By the way, Centurion's assurances that Coleman was innocent are no more shrill than the glib assurances by prosecutors that everyone whom they accuse is guilty.
Posted by: Marc Shepherd | Jan 13, 2006 8:30:46 AM
In my opinion, the conviction of one innocent man is a "large" number. But, by any statistical measure, the exonerations of convicts by DNA evidence has been astoundingly small (100 to 200 out of hundreds of thousands of convictions in which DNA evidence is collected). Particularly when you look at the number of prison inmates who are able to request examination of DNA evidence who don't (Bill Clinton knew what the DNA testing of Monica Lewinsky's dress would show), it's possible to get a better idea of the overall accuracy of our criminal-justice system, which is quite good.
Again, one wrongful conviction is a tragedy. But from a policy perspective, we have to be honest and admit that we are striking a balance between public safety and an occasional tragedy.

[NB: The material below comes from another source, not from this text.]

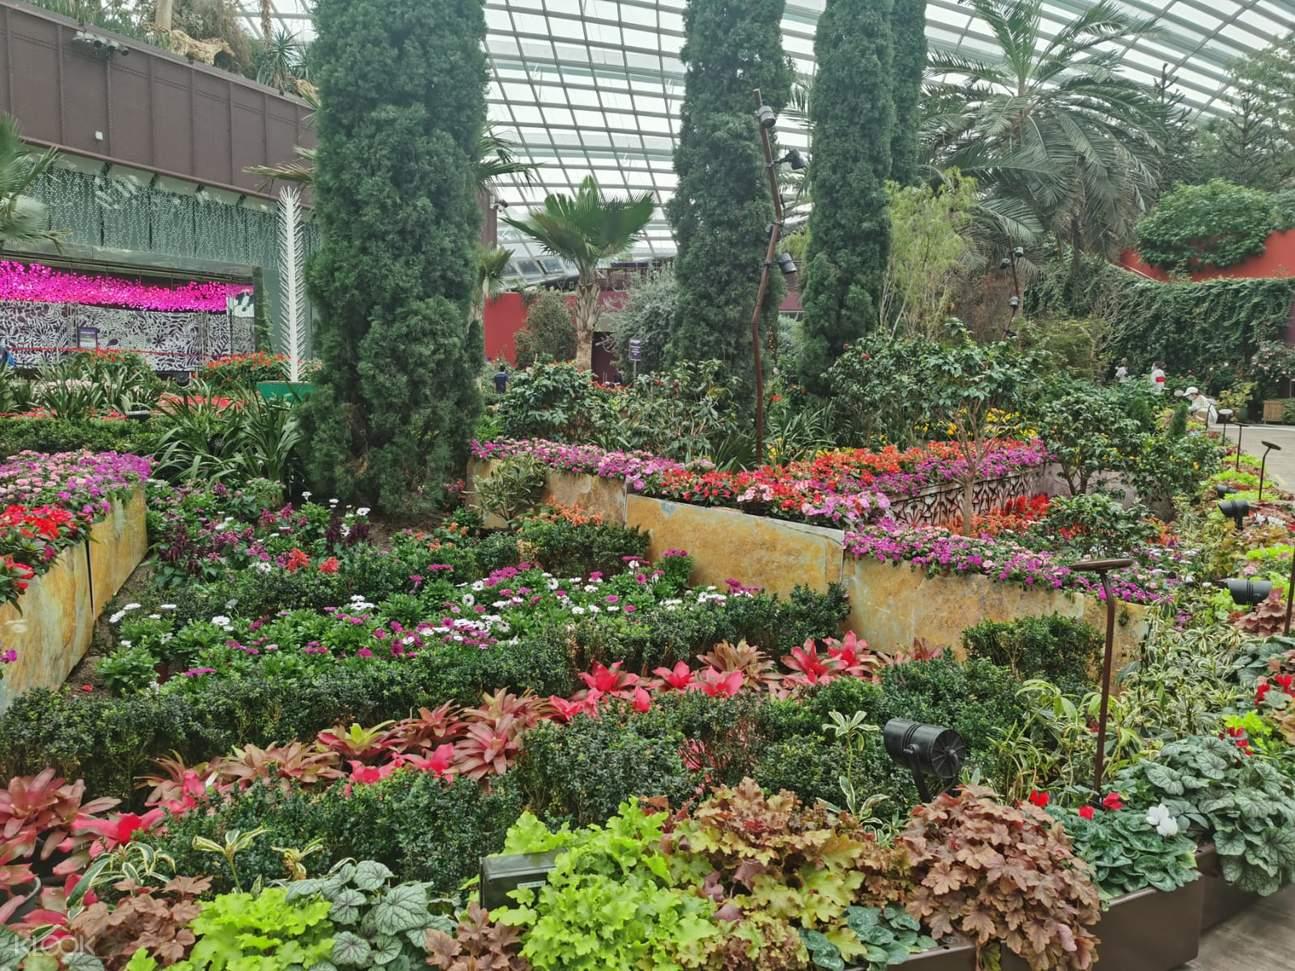 Varieties of flowers in Flower Dome

This problem is particularly pointed with capital punishment. Capital punishment advocates have to decide how many tragedies (and other costs, including money) justify the benefits (from their perspective) of capital punishment. Capital punishment opponents have to ask: are we ok with many more innocent people spending a life behind bars (because post-conviction review of life sentences is already woeful, and will become worse if capital punishment is abolished) in order to keep innocent (and guilty) people from being wrongfully executed? How do we make each of these assessments? I frankly don't know.
Posted by: Mark | Jan 13, 2006 11:23:18 AM
Douglas, I am glad you posted this information. I haven't spotted it yet on the Death Penalty Information Center website.
Posted by: ward | Jan 13, 2006 12:32:03 PM
Is the time served for inmates 85% of there time or 65%. Was informed of a new law in the state of Virginia.